Plush's Liam Hayes isn't a man who does things easily. He released his first single in 1994, his first woozy LP in 1998, and didn't follow that up until 2002's Fed, an orchestral album of Brian Wilson and Randy Newman-like proportions that almost bankrupted him. Last year, he released Underfed, the demos for that record. Add a cameo in Stephen Frears' High Fidelity - he plays at a fuggy bar's piano, allegedly at the request of fellow Chicago-dweller John Cusack - and Hayes' reputation as one of contemporary music's strangest, perhaps laziest, most compelling performers was cemented.
The 12 Bar club feels like a venue stuck in time - which suits Hayes perfectly. In sports jacket and sharply creased slacks, topped with a curly mop, he resembles a young Albert Hammond. And his songs, too, seem to come from another era. He feeds his guitar through a Leslie cabinet, the antique tremolo unit through which the Beach Boys' Pet Sounds and the Beatles' While My Guitar Gently Weeps gained their mournful hum.

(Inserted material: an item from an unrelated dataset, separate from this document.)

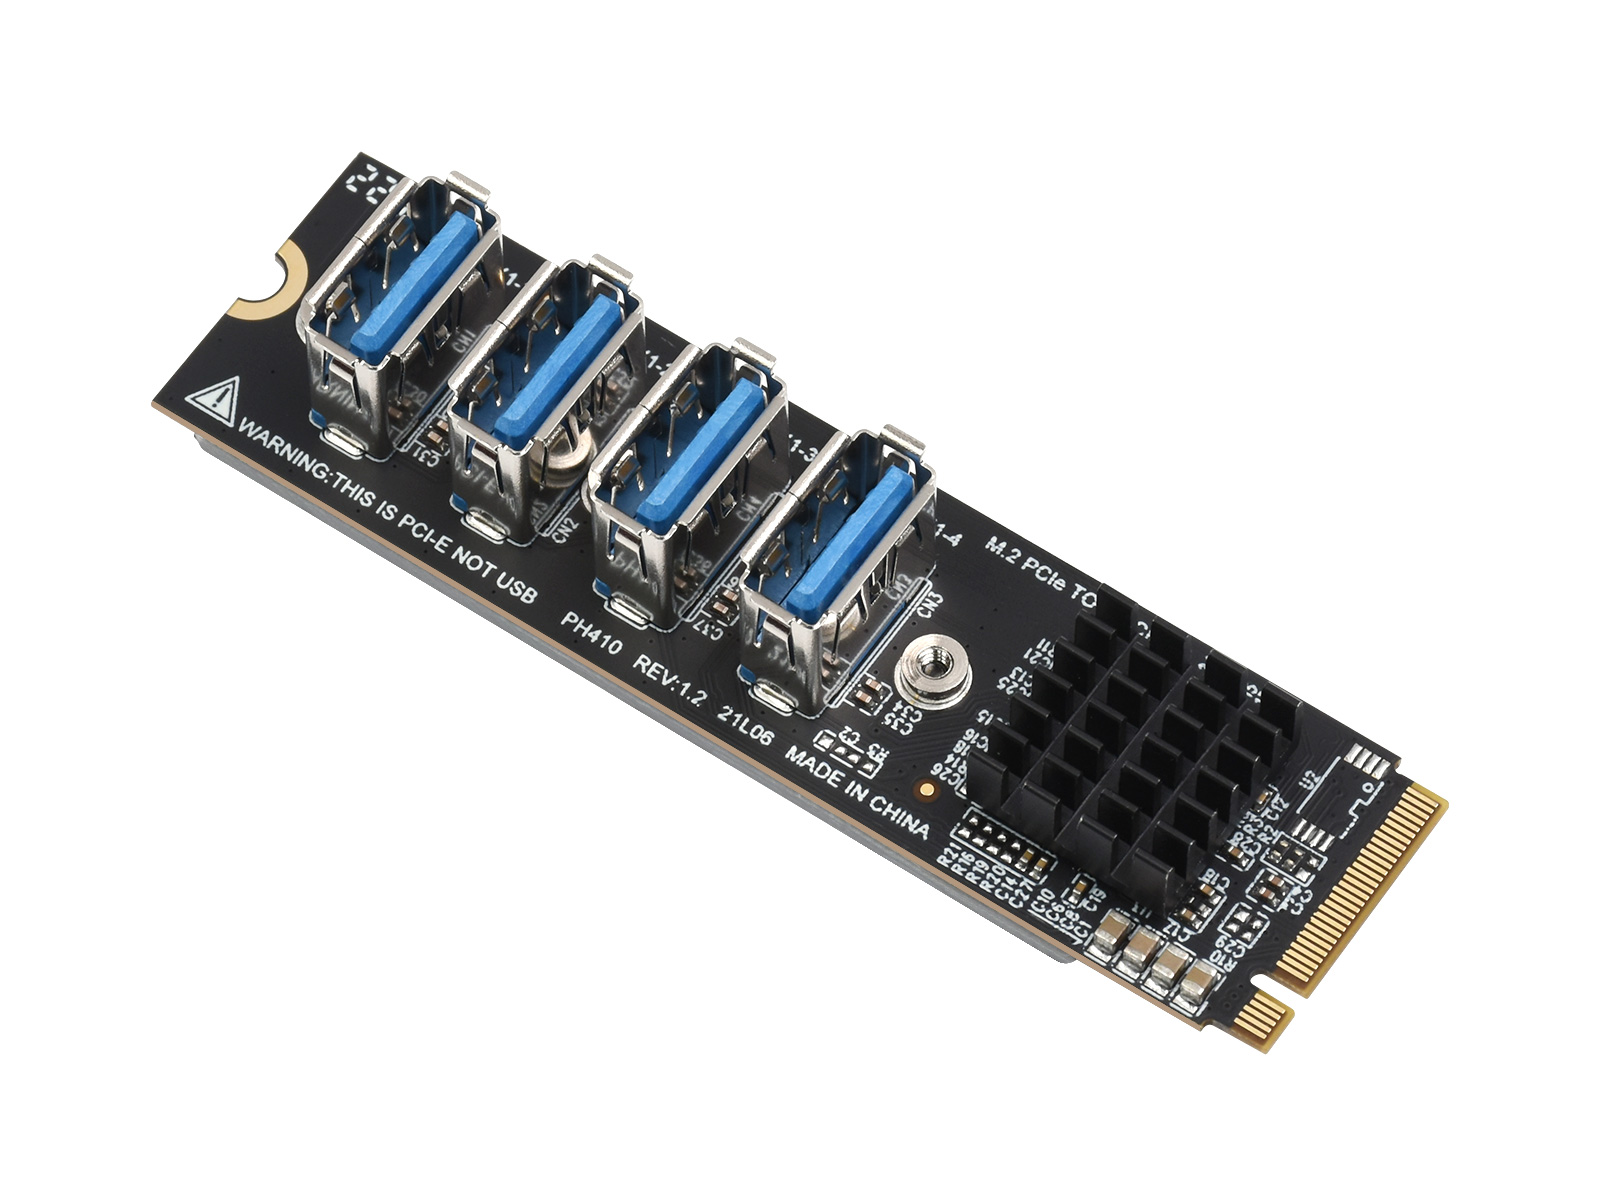 M.2 转 PCIe 4 口扩展卡 适合搭配 PCIe X1 转 X16 扩展卡使用

His first tune, an instrumental, laced with "doo-dooh" phrasings and thick jazzy chords, swoons like a soundtrack piece from a lost arthouse film. The songs that follow are full of the early 1970s charm of Paul Simon and Neil Young, as if sung by a voice of the counterculture.

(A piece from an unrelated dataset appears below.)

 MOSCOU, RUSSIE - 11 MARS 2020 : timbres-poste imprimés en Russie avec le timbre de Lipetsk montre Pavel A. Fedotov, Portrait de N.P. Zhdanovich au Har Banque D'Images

Only three songs Hayes plays have been previously recorded, but with lyrics this touching ("I guess we walk together into this life") and melancholy ("I had a place I didn't know/I called it home"), it doesn't matter. There's briefly some swampy blues when one song urges "Come on down, the price is right", but the mood that prevails longs for love. It's hard not to warm to his wishes.